Throughout this paper \(\delta _{i\ell }\) is a standard Kronecker symbol, being 1 if \(i=\ell \) and otherwise 0. The independence is easily verified, because (3.16) satisfies the triangular system of linear equations that is independent of \(\vartheta \),

$$\begin{aligned} \sum _{\kappa \le \ell \le i} \tilde{q}_{i\ell }(m)\sigma _{\ell \kappa }(m) = \sum _{\kappa \le \ell \le i} \phi _{i\ell }(m)d_{\ell \kappa }(m)\theta _{\ell \kappa }(m), \quad \kappa =0,1,\ldots i, \end{aligned}$$

due to (3.13) and (3.8).

We will see later two kinds of fundamental members in the matrix transferring process. One is the joint of two \(L^2(I_h)\)-inner products terms (named as the temporal information terms)

$$\begin{aligned} \mathcal {J}(i,j) = \Big ({\mathbb {D}_{i+1}(m)u^n},{\mathbb {D}_{j}(m)u^n}\Big )_{I_h} + \Big ({\mathbb {D}_{i}(m)u^n},{\mathbb {D}_{j+1}(m)u^n}\Big )_{I_h}, \end{aligned}$$
(3.17)

and the other is the \(L^2(\varGamma _{\!h})\)-inner product term (the essential ingredient of the spatial information)

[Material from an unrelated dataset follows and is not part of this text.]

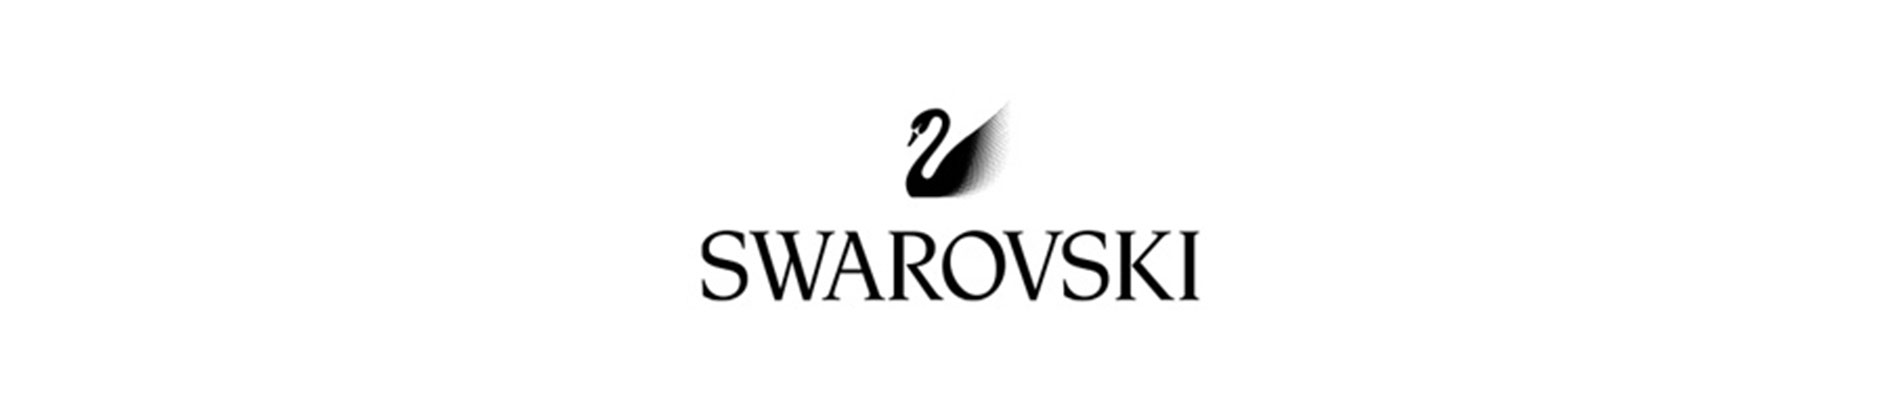 swarovski designer frames header logo

$$\begin{aligned} \mathcal {P}(i,j)=\Big \langle {[\![\mathbb {D}_{i}(m)u^n]\!]},{[\![\mathbb {D}_{j}(m)u^n]\!]}\Big \rangle _{\varGamma _{\!h}}. \end{aligned}$$

The kernel relationship is stated in the following lemma.

Lemma 3.2

For \(0\le i,j\le ms-1\), there holds

$$\begin{aligned} \mathcal {J}(i,j)= -m\tau \beta \Big [ -\mathcal {P}(i,j) + \sum _{0\le i'\le i} \tilde{q}_{ii'}(m)\mathcal {P}(i',j) + \sum _{0\le j'\le j} \tilde{q}_{jj'}(m)\mathcal {P}(i,j') \Big ]. \end{aligned}$$

Proof

This lemma follows from (3.15), (3.16) and an application of (2.5a). \(\square \)

Remark 3.4

Suppose all numerical flux parameters are the same, say, \(\theta _{\ell \kappa }\equiv \theta \). Taking the fixed parameter \(\vartheta =\theta \), it is easy to see \(q_{\ell \kappa }(m;\theta )=0\) due to (3.13) and hence \(\tilde{q}_{\ell \kappa }(m)=\theta \delta _{\ell \kappa }\) due to (3.16). Then we have

$$\begin{aligned} \mathcal {J}(i,j)= -m\tau \beta (2\theta -1)\mathcal {P}(i,j), \end{aligned}$$

from the above lemma. This result is the same as that in [29].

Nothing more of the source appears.